**SOURCE MATERIAL**

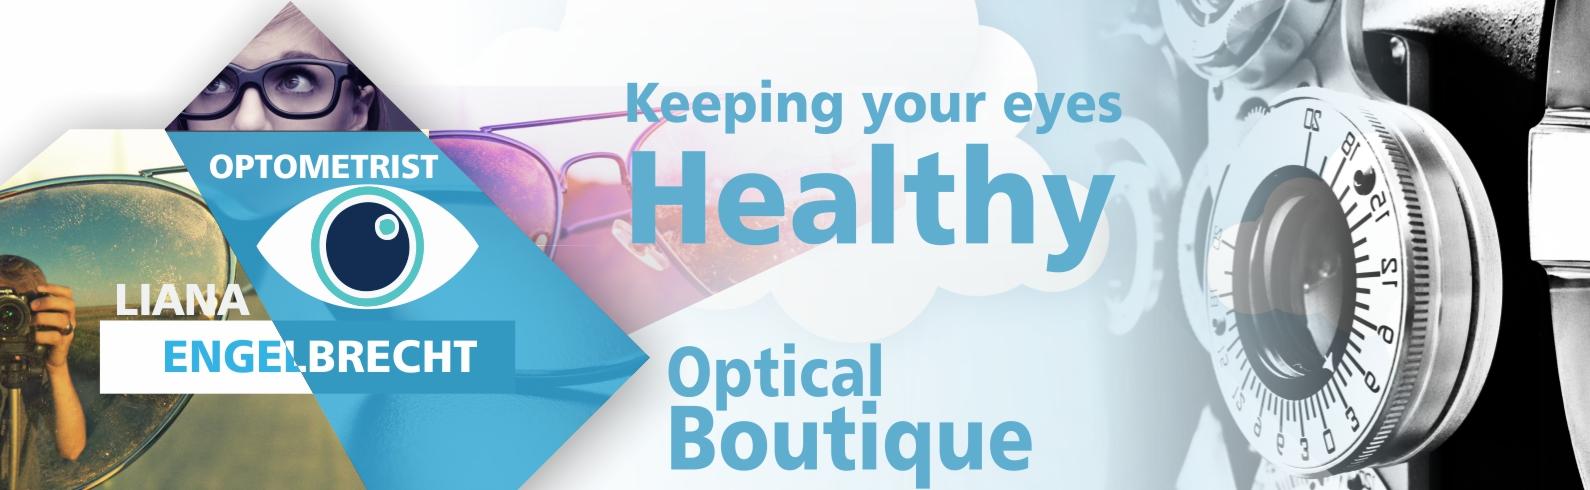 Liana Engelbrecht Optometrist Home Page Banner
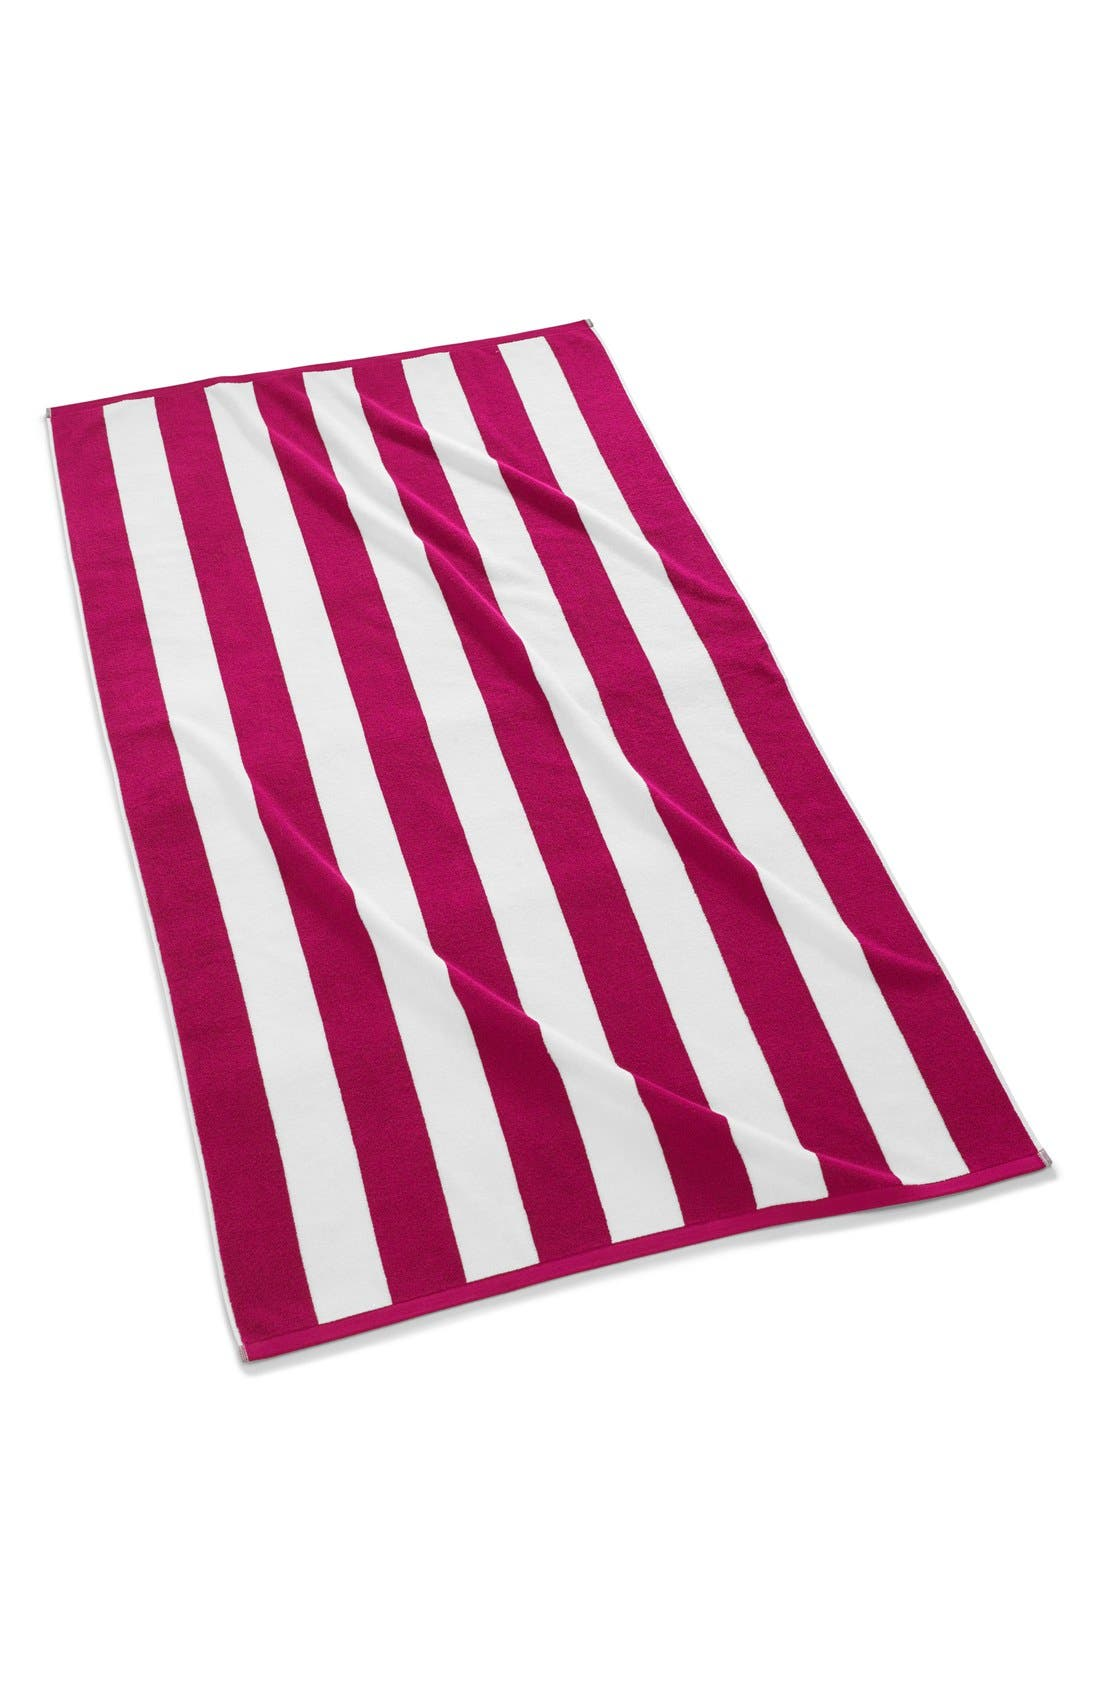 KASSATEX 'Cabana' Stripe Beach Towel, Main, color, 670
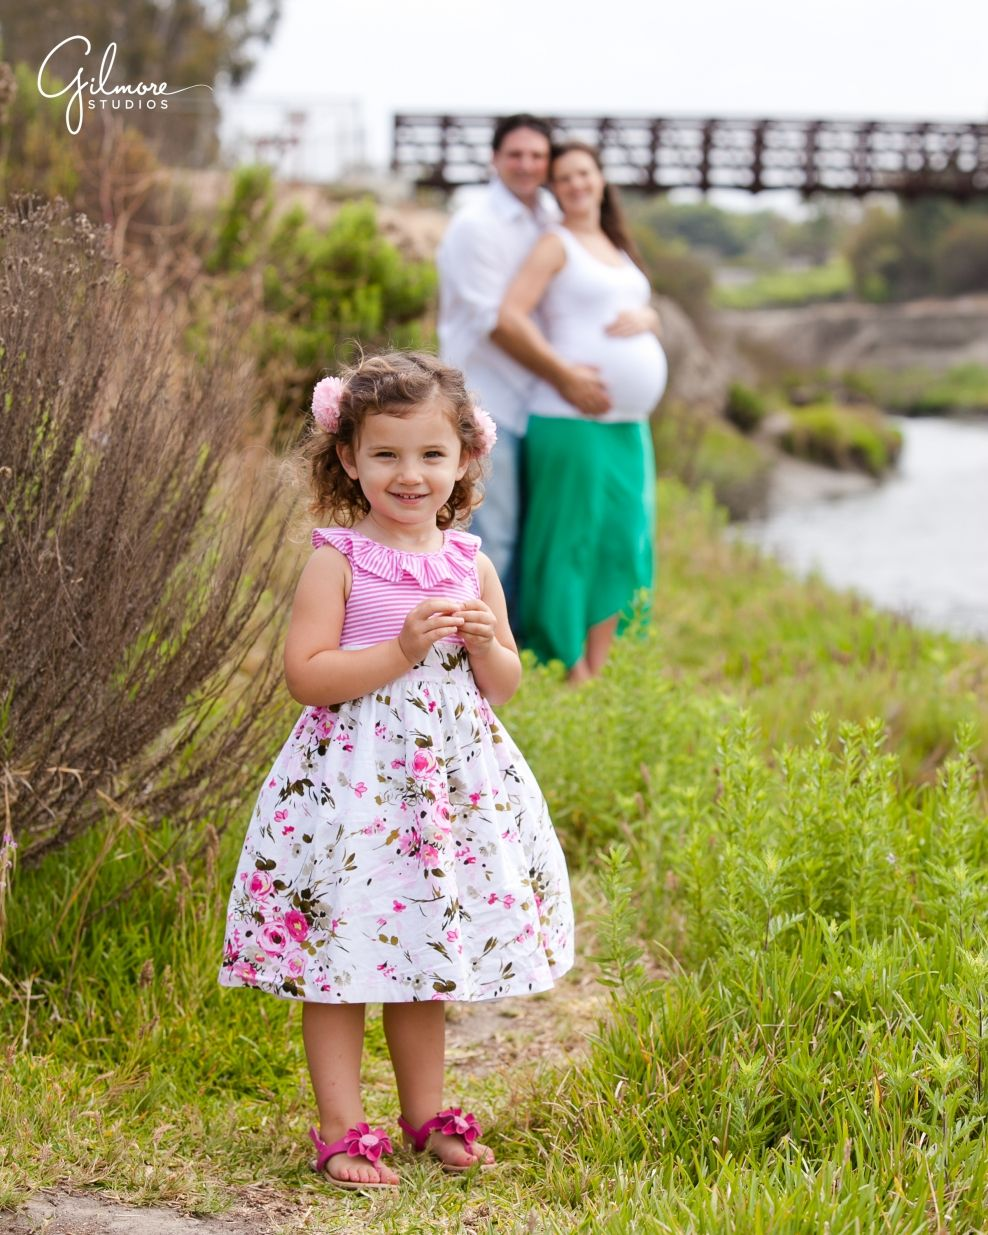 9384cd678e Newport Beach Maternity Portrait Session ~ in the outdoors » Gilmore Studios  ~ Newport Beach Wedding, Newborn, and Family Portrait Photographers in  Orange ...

**YOUR TASK**
When copying the listing above, begin at its first line and stop after the line with "KASSATEX 'Cabana' Stripe", keeping each line exact and dropping the pictures.

**ANSWER SPACE**
 Liana Engelbrecht Optometrist Home Page Banner
 KASSATEX 'Cabana' Stripe Beach Towel, Main, color, 670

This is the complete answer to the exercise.